One day we went to see a wonderful image. We rode out to it in jinrikishas, and we each had two ’rikisha boys to pull us. We sped along at a rapid pace, for the boys are so well trained that they make nearly as good time as a horse, and a day’s run is sometimes as much as forty miles.

We had a regular Japanese “tiffin,” or lunch, at a little Japanese inn that had a pretty garden all around it. We took off our shoes at the door just as the Japanese do, and walked across the soft, matted floor.

A screen was drawn aside for us to enter, and then closed again, leaving us in a little room. Here we all squatted on our heels, as nearly like a Japanese as our stiff muscles would let us, for, without being trained, it is hard to shut up like a jackknife.

Then pretty little Japanese girls stole in noiselessly, bringing us trays of food, one for each person, and knelt down beside us to uncover our dishes and wait on us.

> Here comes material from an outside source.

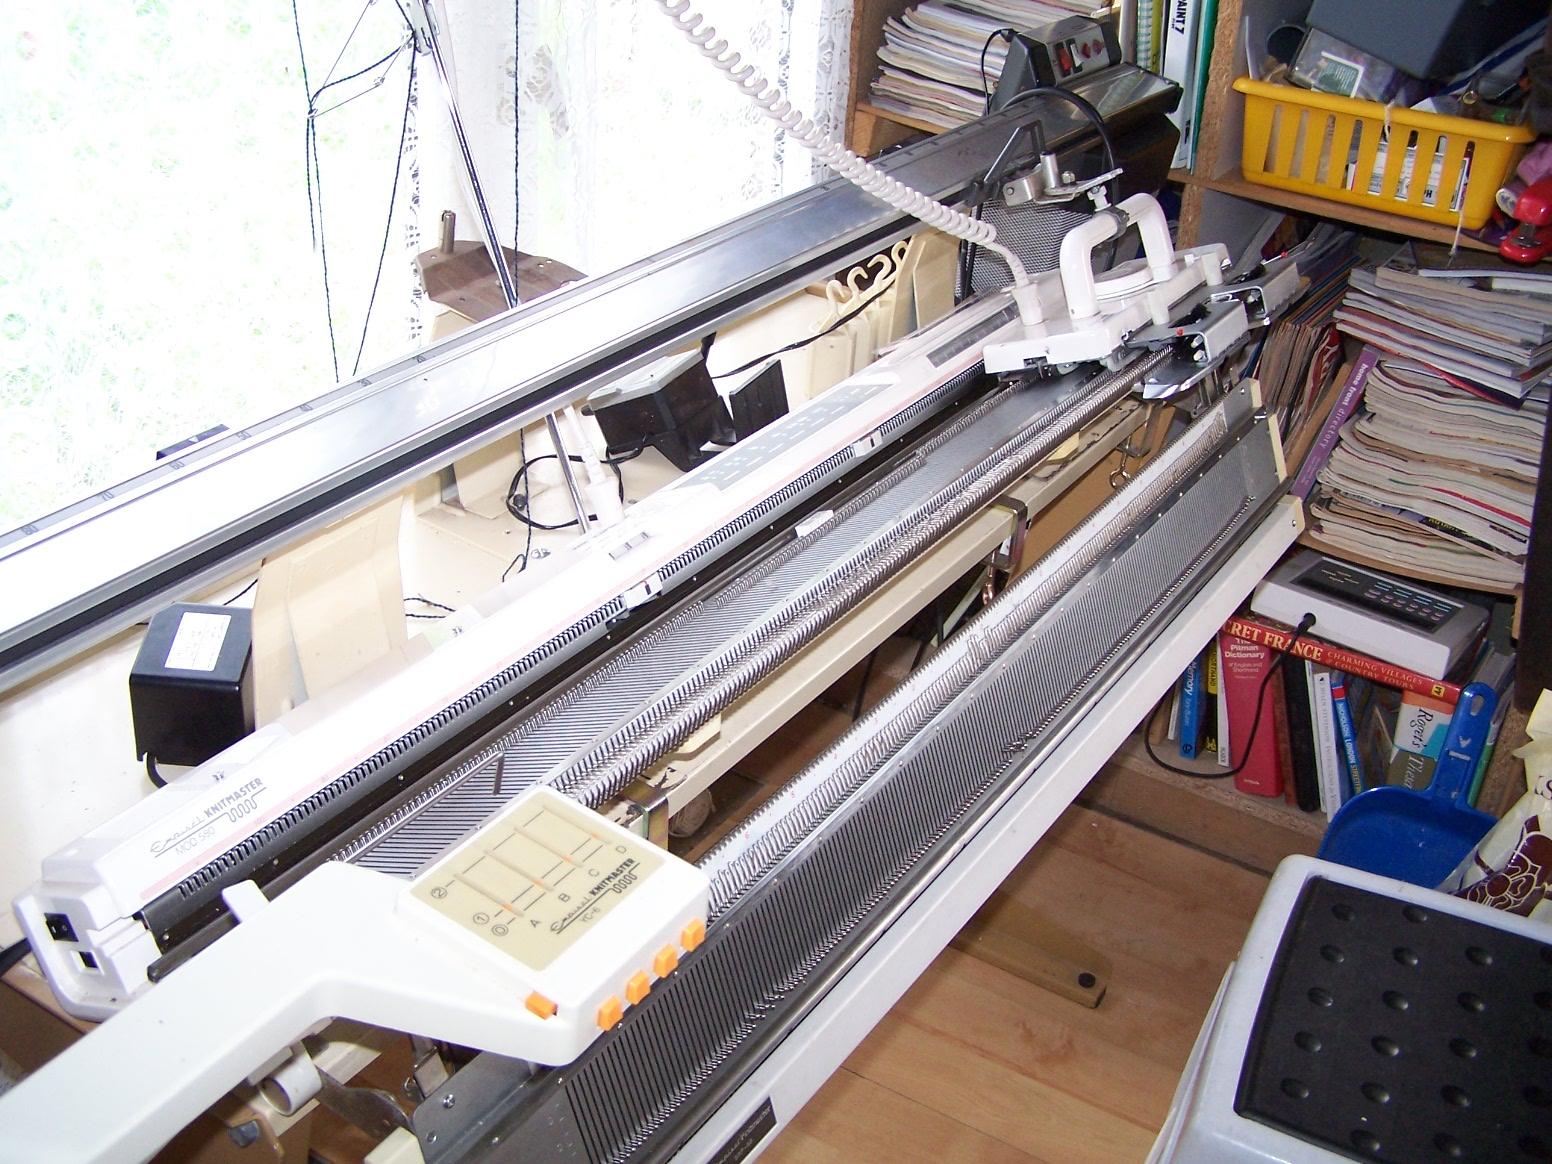 KM 580 Electronic
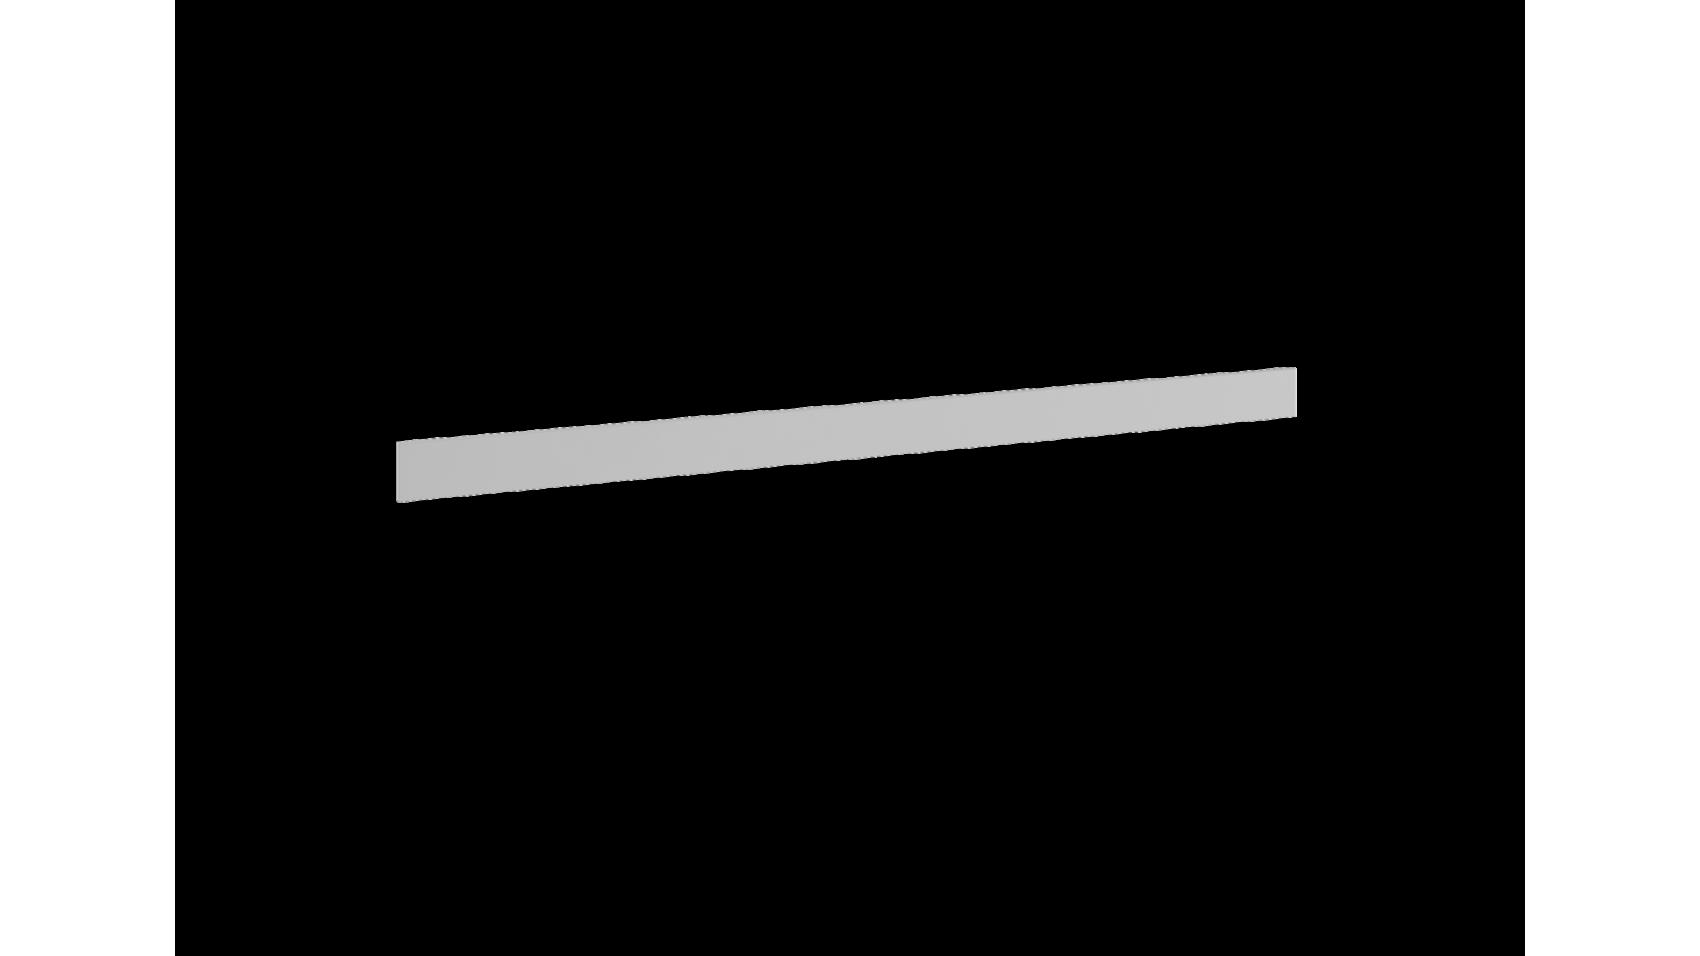 Kuchenne Elementy Dodatkowe Bella Nube | sklep internetowy Lupus ECO

In one tiny bowl was some vegetable soup, in another some rice, and in a third some fish, which was cooked for us, though to have been truly Japanese we should have eaten it raw.

Of course there was tea. Everywhere you go they give you tea in wee cups without handles; just about a thimbleful, without cream and without sugar; not at all as we drink it at home.

But with all this feast before us, there was nothing to eat it with but two funny little chopsticks, and terrible times we had trying to manage those little sticks that serve the Japanese so well, but which seemed bewitched the minute we got them between our fingers.

After trying a long time we would get a mouthful, as we thought, firmly fixed between the chopsticks, but just as we would open our mouths to take it in, the bewitched chopsticks would give a twitch, and down the whole thing would fall again.